How to recognize it: Several TRLPs share the same spec.targetRef.name. Compare Accepted (what the MaaS controller uses for subscription readiness) and Enforced / reason (for example Overridden) on each policy—one route may show one TRLP fully effective and others superseded.

Workarounds:

  • Dedicated routes per model — Deploy each model with its own HTTPRoute to ensure independent rate limiting
  • Shared subscription design — If models share an HTTPRoute, use one MaaSSubscription that lists every MaaSModelRef on that route so you are not applying different subscription limits to the same route. The controller may still create one TRLP per model ref; prefer dedicated routes when each subscription must enforce limits independently until Tracking below ships.
  • Shared route limitations — If multiple MaaSModelRef resources target the same HTTPRoute, you still get multiple TRLPs; grouping models on shared routes does not avoid this limitation. This pattern is only appropriate when every model on the route is meant to share one MaaSSubscription (and access policy)—not when different teams or subscriptions each register their own model refs on one route. If you need separate subscriptions with separate limits on the same route, use dedicated routes per model.

Status: This limitation remains in Models-as-a-Service v3.4. The fix requiring merge strategy support for TokenRateLimitPolicy is not included. Plan your model deployment topology accordingly.

Tracking: opendatahub-io/models-as-a-service#585 proposes the controller change for coexisting token rate limit policies on a shared route.

Namespace requirements

Both MaaSAuthPolicy and MaaSSubscription must be installed in the models-as-a-service namespace. Each modelRefs entry must specify the namespace where the MaaSModelRef lives (e.g. llm).

Using the users field

The subjects.users (MaaSAuthPolicy) and owner.users (MaaSSubscription) fields should be used only for Service Accounts and similar programmatic identities, not for many individual human users. Having too many distinct users can cause cardinality issues in rate limiting and policy enforcement.

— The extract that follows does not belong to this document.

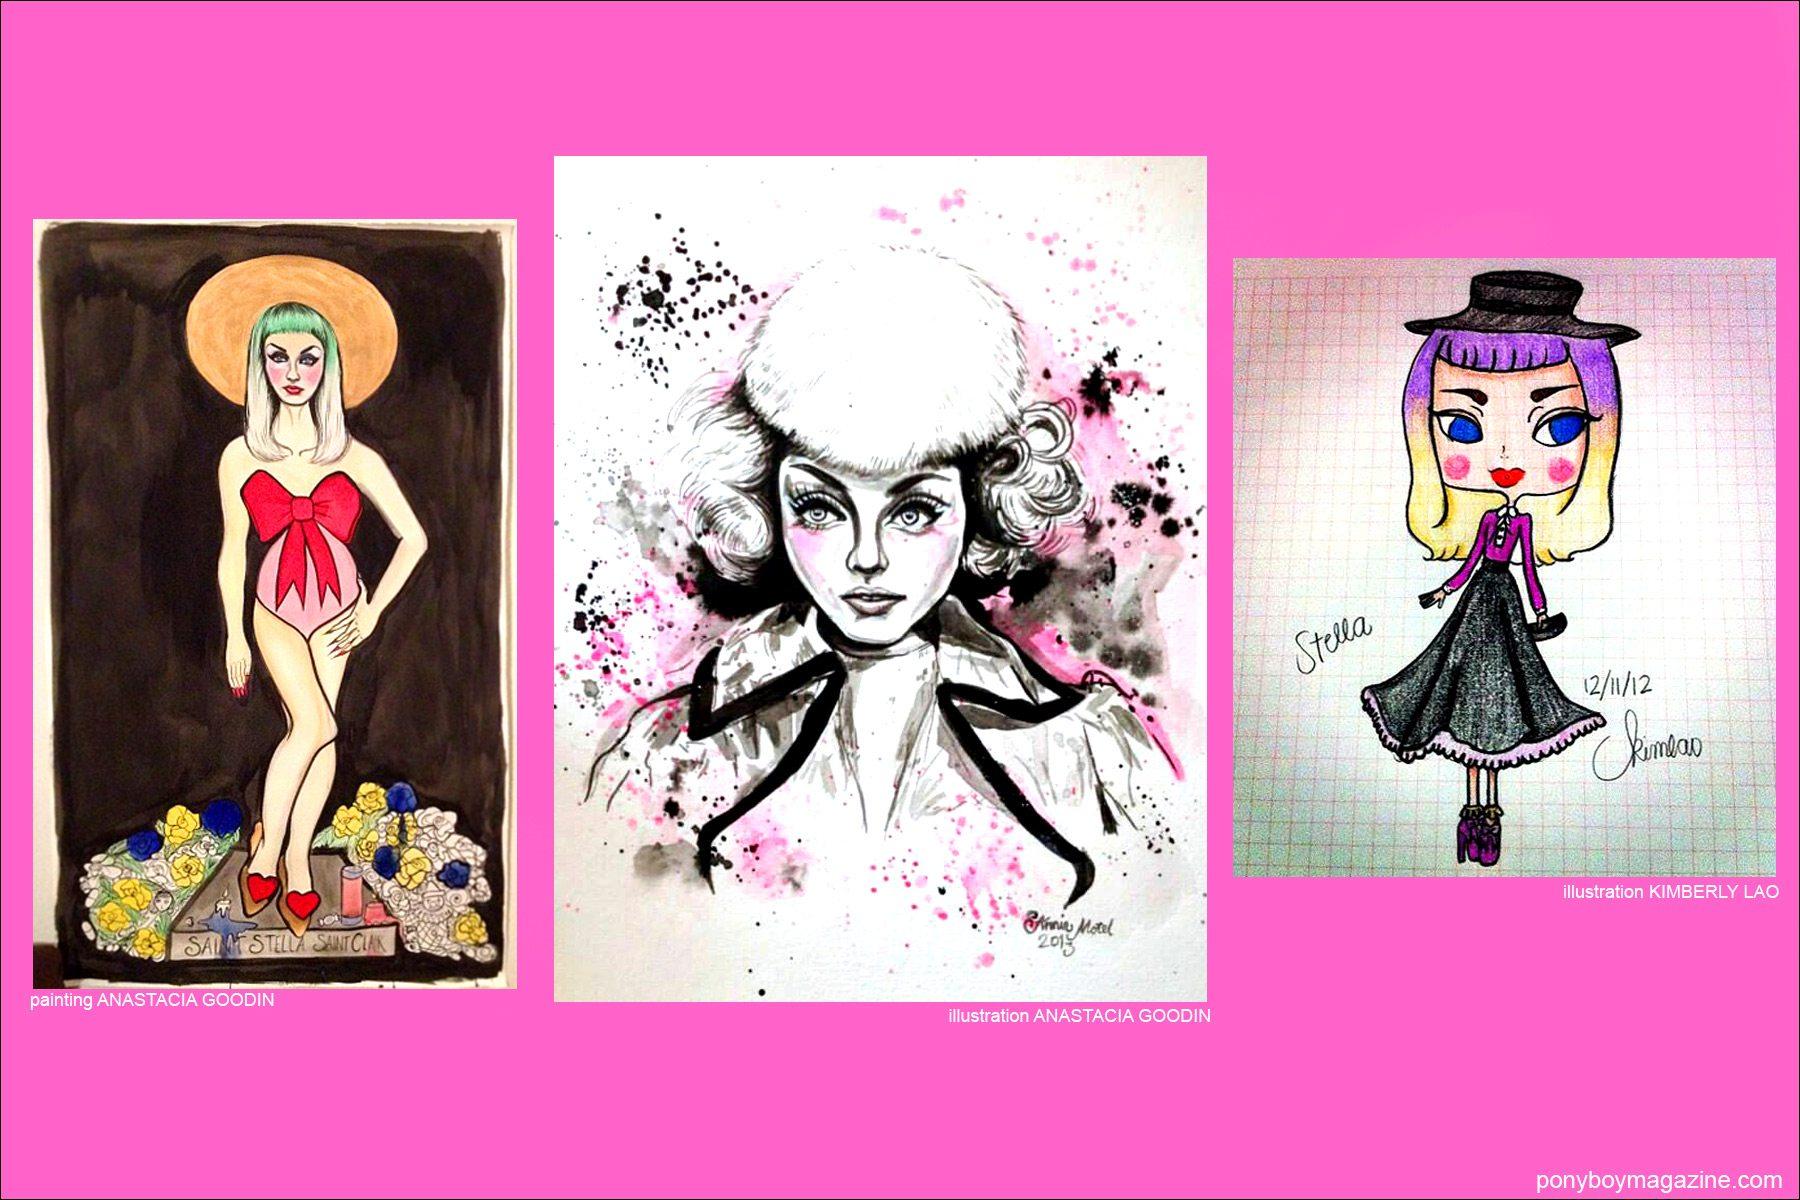 Artwork of model Stella Rose Saint Clair for Ponyboy Magazine New York City.

Prefer groups for human users.

Premium example with higher limits:

kubectl apply -f - <<EOF
# MaaSSubscription must be deployed to the models-as-a-service namespace
apiVersion: maas.opendatahub.io/v1alpha1
kind: MaaSSubscription
metadata:
  name: premium-subscription
  namespace: models-as-a-service
spec:
  owner:
    groups:
      - name: premium-users
    users: []
  modelRefs:
    - name: ${MODEL_NAME}-ref
      namespace: ${MODEL_NS}
      tokenRateLimits:
        - limit: 100000
          window: 24h
  priority: 20
  tokenMetadata:
    organizationId: "premium-org"
    costCenter: "ai-team"
EOF

4. Validate the Configuration

Check CRs and generated policies:

kubectl get maasmodelref -n ${MODEL_NS}
kubectl get maasauthpolicy,maassubscription -n models-as-a-service
kubectl get authpolicy,tokenratelimitpolicy -n ${MODEL_NS}

Create groups and add users (OpenShift example):

# Create groups if they do not exist
oc adm groups new free-users 2>/dev/null || true
oc adm groups new premium-users 2>/dev/null || true

# Add users to each group
oc adm groups add-users free-users alice@example.com
oc adm groups add-users premium-users bob@example.com

Create API keys and verify access:

Create an API key as a user in free-users and another as a user in premium-users. Follow the Validation guide to:

  1. Get the gateway endpoint and create an API key for each user
  2. List models and run inference with each API key
  3. Test with both groups to confirm access and different rate limits — free-users (100 tokens/min) vs premium-users (100,000 tokens/24h)

Adding Groups

To grant a user access to a subscription, add them to the appropriate Kubernetes group:

# Create groups if they do not exist
oc adm groups new free-users 2>/dev/null || true
oc adm groups new premium-users 2>/dev/null || true

# Add users (method depends on your IdP; OpenShift example)
oc adm groups add-users free-users alice@example.com
oc adm groups add-users premium-users bob@example.com

Users will get subscription access on their next request (after group membership propagates).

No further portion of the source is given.